Imaging Acquisition, Grading, and Analysis
MMI of the retina consisted of CFPs, OCT imaging, near-infrared reflectance (NIR), and fundus autofluorescence (FAF) imaging. Nonstereoscopic, macular-centered CFPs were obtained using a camera with a minimum resolution of 2000 × 2000 pixels (camera specifications were site specific). OCT, NIR, and FAF imaging was performed using the Spectralis HRA+OCT (Heidelberg Engineering, Heidelberg, Germany) device. High-resolution OCT volume scans covered a 20° × 20° region centered on the fovea and consisted of 49 horizontal B-scans, with 25 frames averaged per B-scan. NIR and FAF images covered a 30° × 30° region of the macula, with a minimum resolution of 768 × 768 pixels. 

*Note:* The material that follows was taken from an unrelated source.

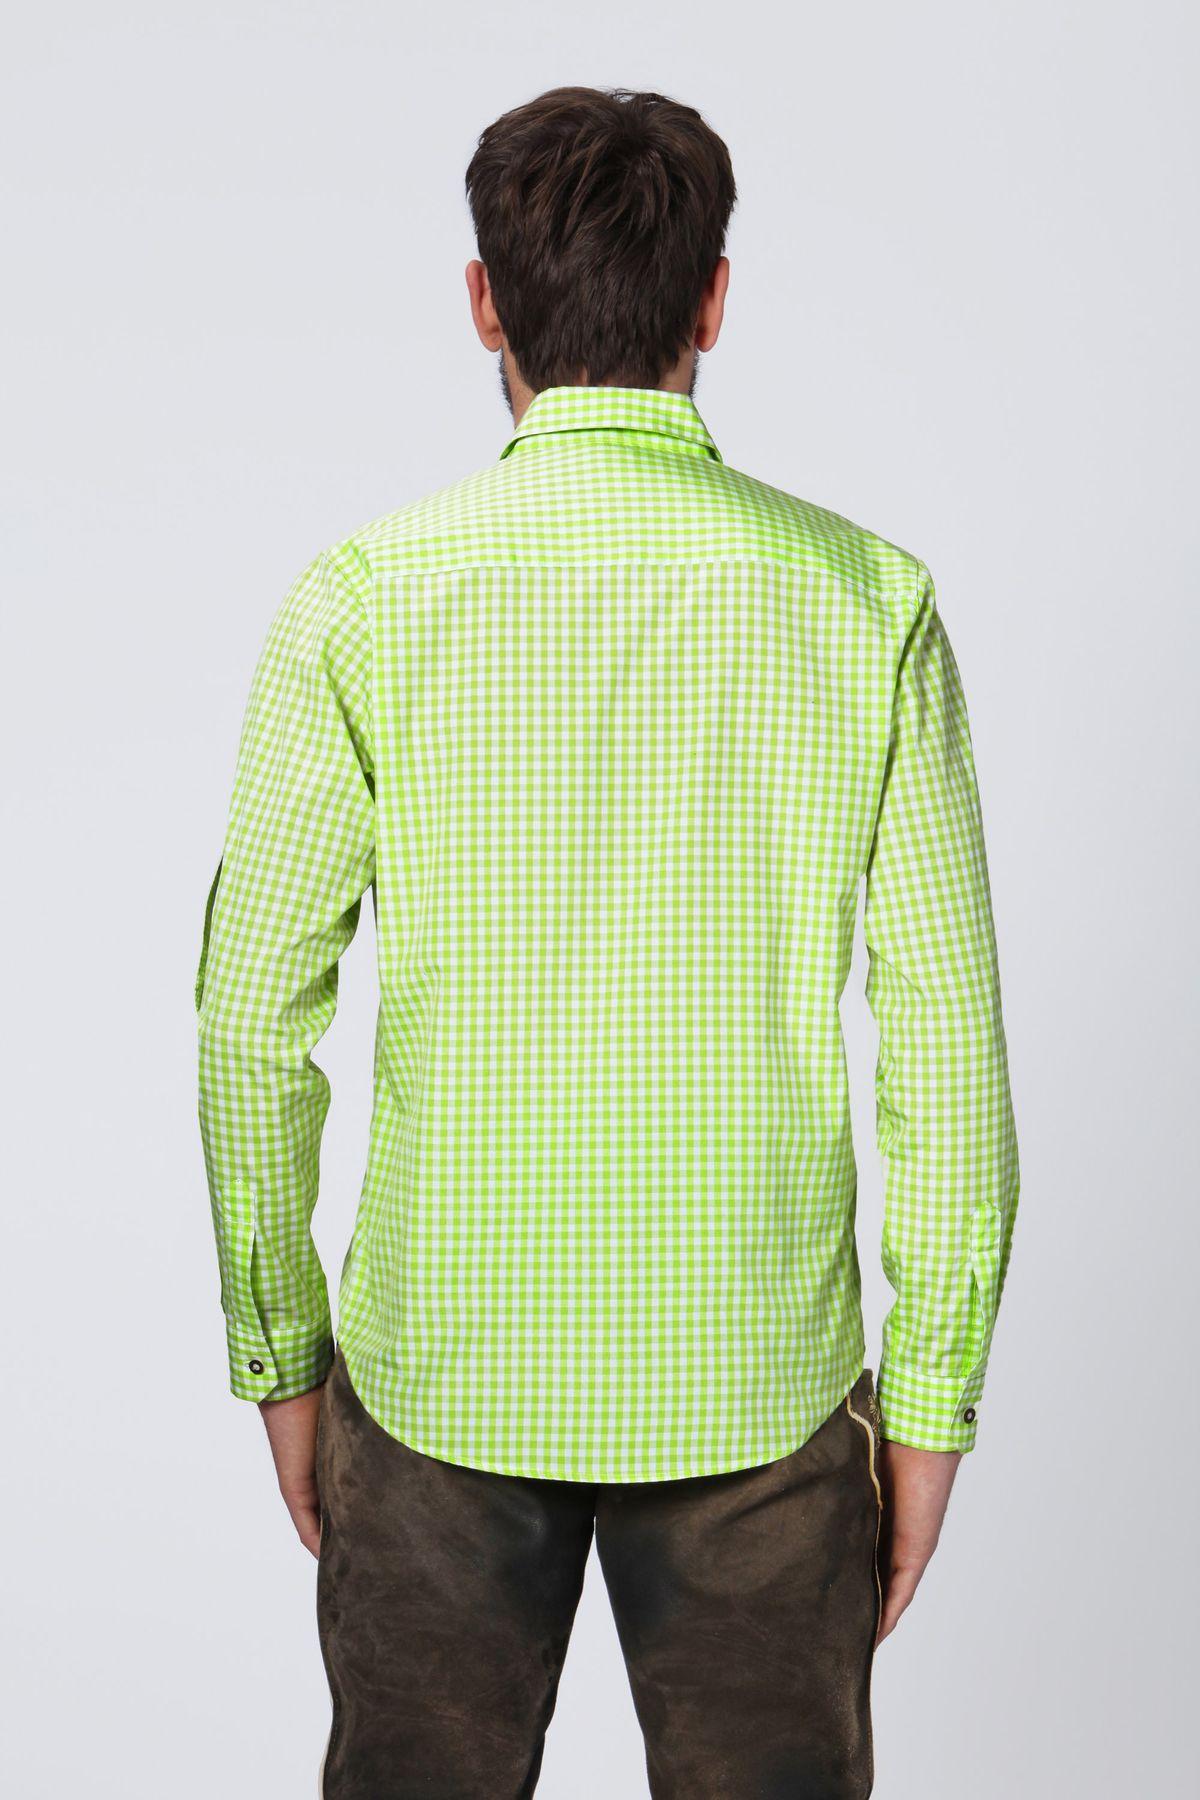 Stockerpoint - Herren Trachtenhemd, kariert in verschiedenen Farbvarianten, Campos2 – Bild 15
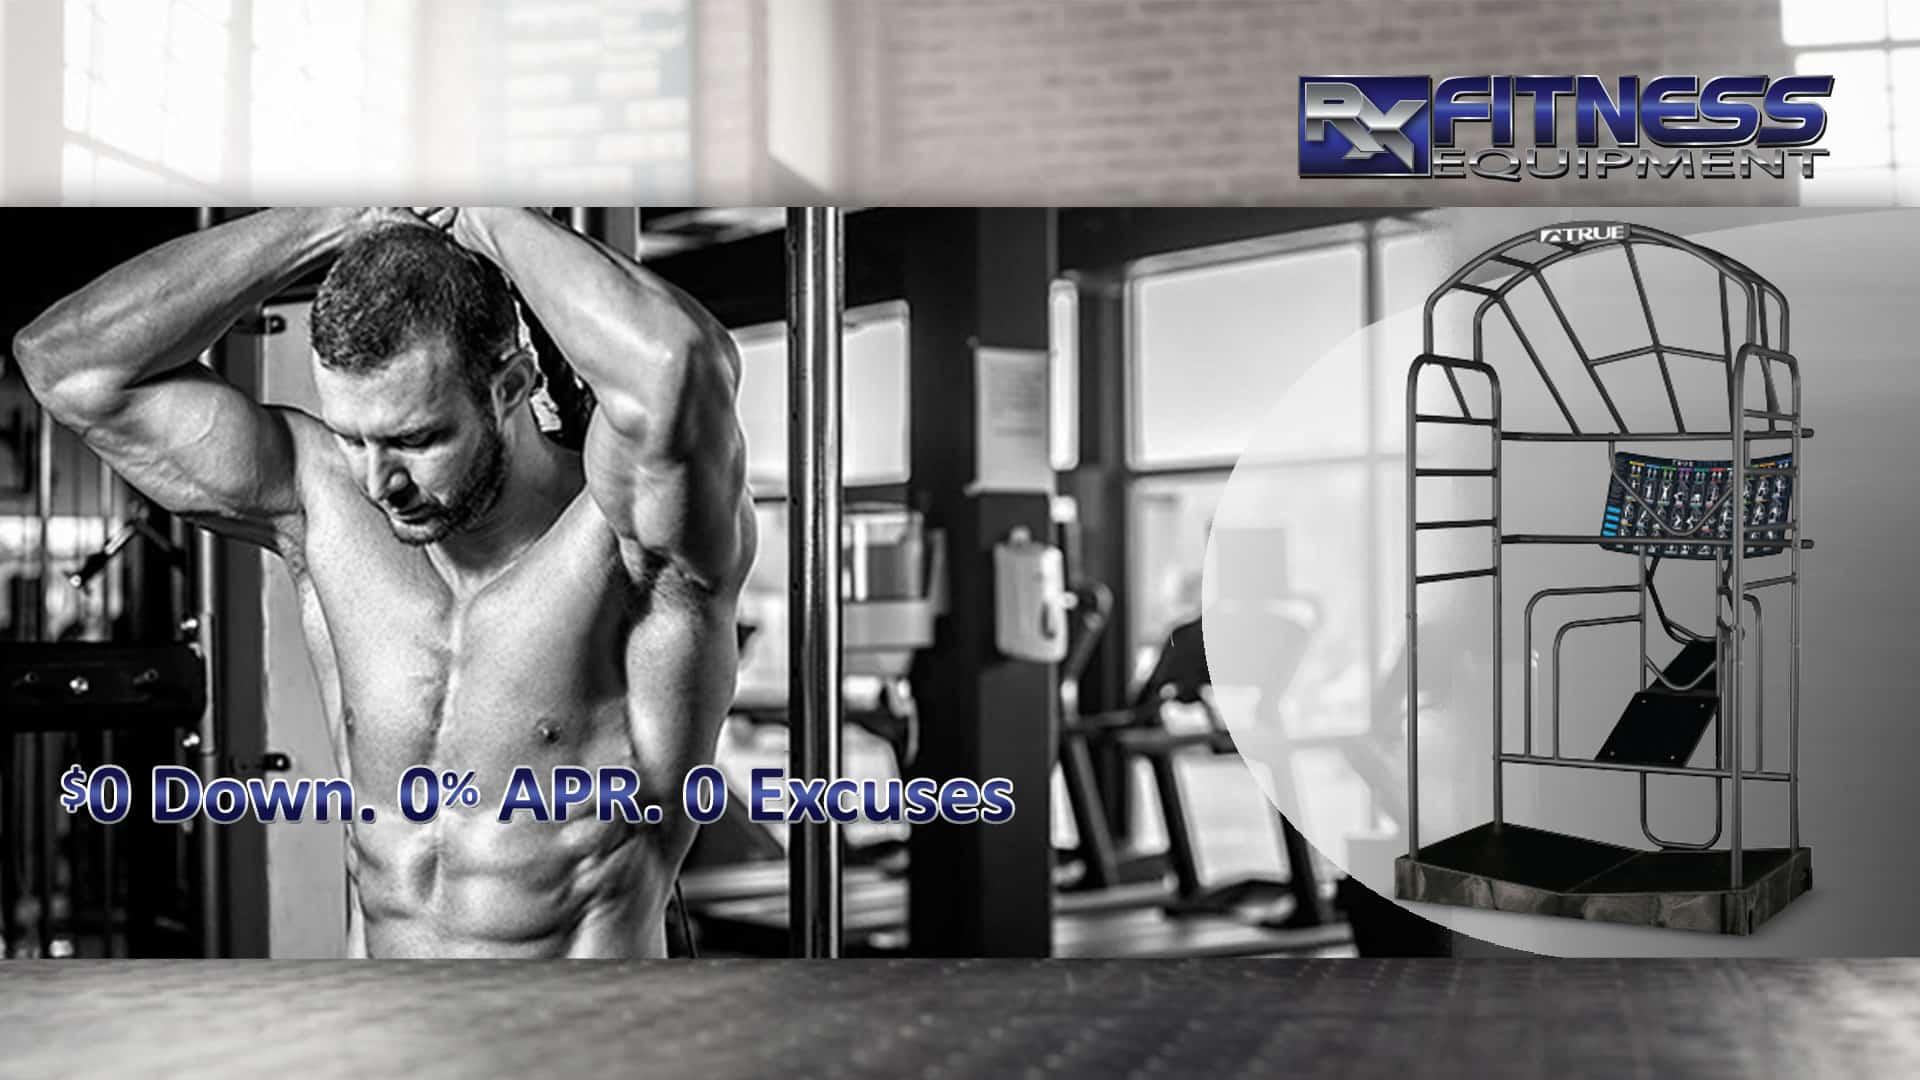 AC Zero Excuses Strength Equipment

OCT volume scans were used to calculate drusen volume using a convolutional neural network-based approach as described previously.42 In brief, segmentation of the RPE and Bruch's membrane was performed by a retinal layer segmentation algorithm, which enabled drusen volume from the entire central 20° × 20° region of the OCT volume scan to be calculated, as well as within each sector sampled on microperimetry (defined above) and outside the central 3.6-mm diameter region. The investigators who performed the OCT image analysis to calculate drusen volume are listed in the Supplemental Material. Drusen volume measurements were cube-root transformed to eliminate heteroskedasticity of the untransformed measurements. 
CFPs were manually graded for the presence of pigmentary abnormalities. Each imaging modality was graded by a senior grader and senior medical retina specialist for the presence of RPD as being definitely present, questionable, or absent. These gradings were used to determine an MMI-defined presence of RPD, where OCT imaging and at least two en face imaging modalities (NIR, FAF, and CFP) were required to be gradable. MMI-defined RPD was considered definitely present if (1) there were ≥5 definite lesions on ≥2 B-scans on OCT imaging (or OCT-defined RPD), and definite or questionable RPD on at least one en face imaging modality, or (2) RPD was definitely present on ≥2 en face imaging modalities. 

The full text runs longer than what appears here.